What to work on – An exact copy of all entries is required.

::::::::

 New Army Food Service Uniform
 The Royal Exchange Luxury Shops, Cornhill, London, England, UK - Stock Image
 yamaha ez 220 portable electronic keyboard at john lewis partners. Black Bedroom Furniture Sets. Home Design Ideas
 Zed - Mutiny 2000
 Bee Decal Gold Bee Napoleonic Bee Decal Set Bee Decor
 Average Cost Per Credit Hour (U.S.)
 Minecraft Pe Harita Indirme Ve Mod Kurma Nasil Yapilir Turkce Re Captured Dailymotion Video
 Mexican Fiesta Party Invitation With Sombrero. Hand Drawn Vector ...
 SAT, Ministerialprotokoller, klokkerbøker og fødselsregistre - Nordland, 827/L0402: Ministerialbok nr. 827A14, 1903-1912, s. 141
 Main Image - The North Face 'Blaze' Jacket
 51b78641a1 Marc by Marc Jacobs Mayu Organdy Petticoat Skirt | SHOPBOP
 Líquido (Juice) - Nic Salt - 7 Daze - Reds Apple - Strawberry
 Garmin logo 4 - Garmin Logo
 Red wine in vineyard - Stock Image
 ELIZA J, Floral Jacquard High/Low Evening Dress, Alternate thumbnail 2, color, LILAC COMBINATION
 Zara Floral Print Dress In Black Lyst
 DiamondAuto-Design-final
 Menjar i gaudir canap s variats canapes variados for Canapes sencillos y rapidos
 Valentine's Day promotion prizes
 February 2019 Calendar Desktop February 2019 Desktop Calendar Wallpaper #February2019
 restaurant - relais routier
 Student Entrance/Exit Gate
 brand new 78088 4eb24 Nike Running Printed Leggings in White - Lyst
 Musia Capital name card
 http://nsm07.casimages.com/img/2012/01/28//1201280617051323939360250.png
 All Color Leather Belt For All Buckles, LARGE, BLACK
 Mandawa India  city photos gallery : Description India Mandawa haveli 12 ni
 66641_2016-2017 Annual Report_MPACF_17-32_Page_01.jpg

::::::::

Solution to this task –
 New Army Food Service Uniform
 The Royal Exchange Luxury Shops, Cornhill, London, England, UK - Stock Image
 yamaha ez 220 portable electronic keyboard at john lewis partners. Black Bedroom Furniture Sets. Home Design Ideas
 Zed - Mutiny 2000
 Bee Decal Gold Bee Napoleonic Bee Decal Set Bee Decor
 Average Cost Per Credit Hour (U.S.)
 Minecraft Pe Harita Indirme Ve Mod Kurma Nasil Yapilir Turkce Re Captured Dailymotion Video
 Mexican Fiesta Party Invitation With Sombrero. Hand Drawn Vector ...
 SAT, Ministerialprotokoller, klokkerbøker og fødselsregistre - Nordland, 827/L0402: Ministerialbok nr. 827A14, 1903-1912, s. 141
 Main Image - The North Face 'Blaze' Jacket
 51b78641a1 Marc by Marc Jacobs Mayu Organdy Petticoat Skirt | SHOPBOP
 Líquido (Juice) - Nic Salt - 7 Daze - Reds Apple - Strawberry
 Garmin logo 4 - Garmin Logo
 Red wine in vineyard - Stock Image
 ELIZA J, Floral Jacquard High/Low Evening Dress, Alternate thumbnail 2, color, LILAC COMBINATION
 Zara Floral Print Dress In Black Lyst
 DiamondAuto-Design-final
 Menjar i gaudir canap s variats canapes variados for Canapes sencillos y rapidos
 Valentine's Day promotion prizes
 February 2019 Calendar Desktop February 2019 Desktop Calendar Wallpaper #February2019
 restaurant - relais routier
 Student Entrance/Exit Gate
 brand new 78088 4eb24 Nike Running Printed Leggings in White - Lyst
 Musia Capital name card
 http://nsm07.casimages.com/img/2012/01/28//1201280617051323939360250.png
 All Color Leather Belt For All Buckles, LARGE, BLACK
 Mandawa India  city photos gallery : Description India Mandawa haveli 12 ni
 66641_2016-2017 Annual Report_MPACF_17-32_Page_01.jpg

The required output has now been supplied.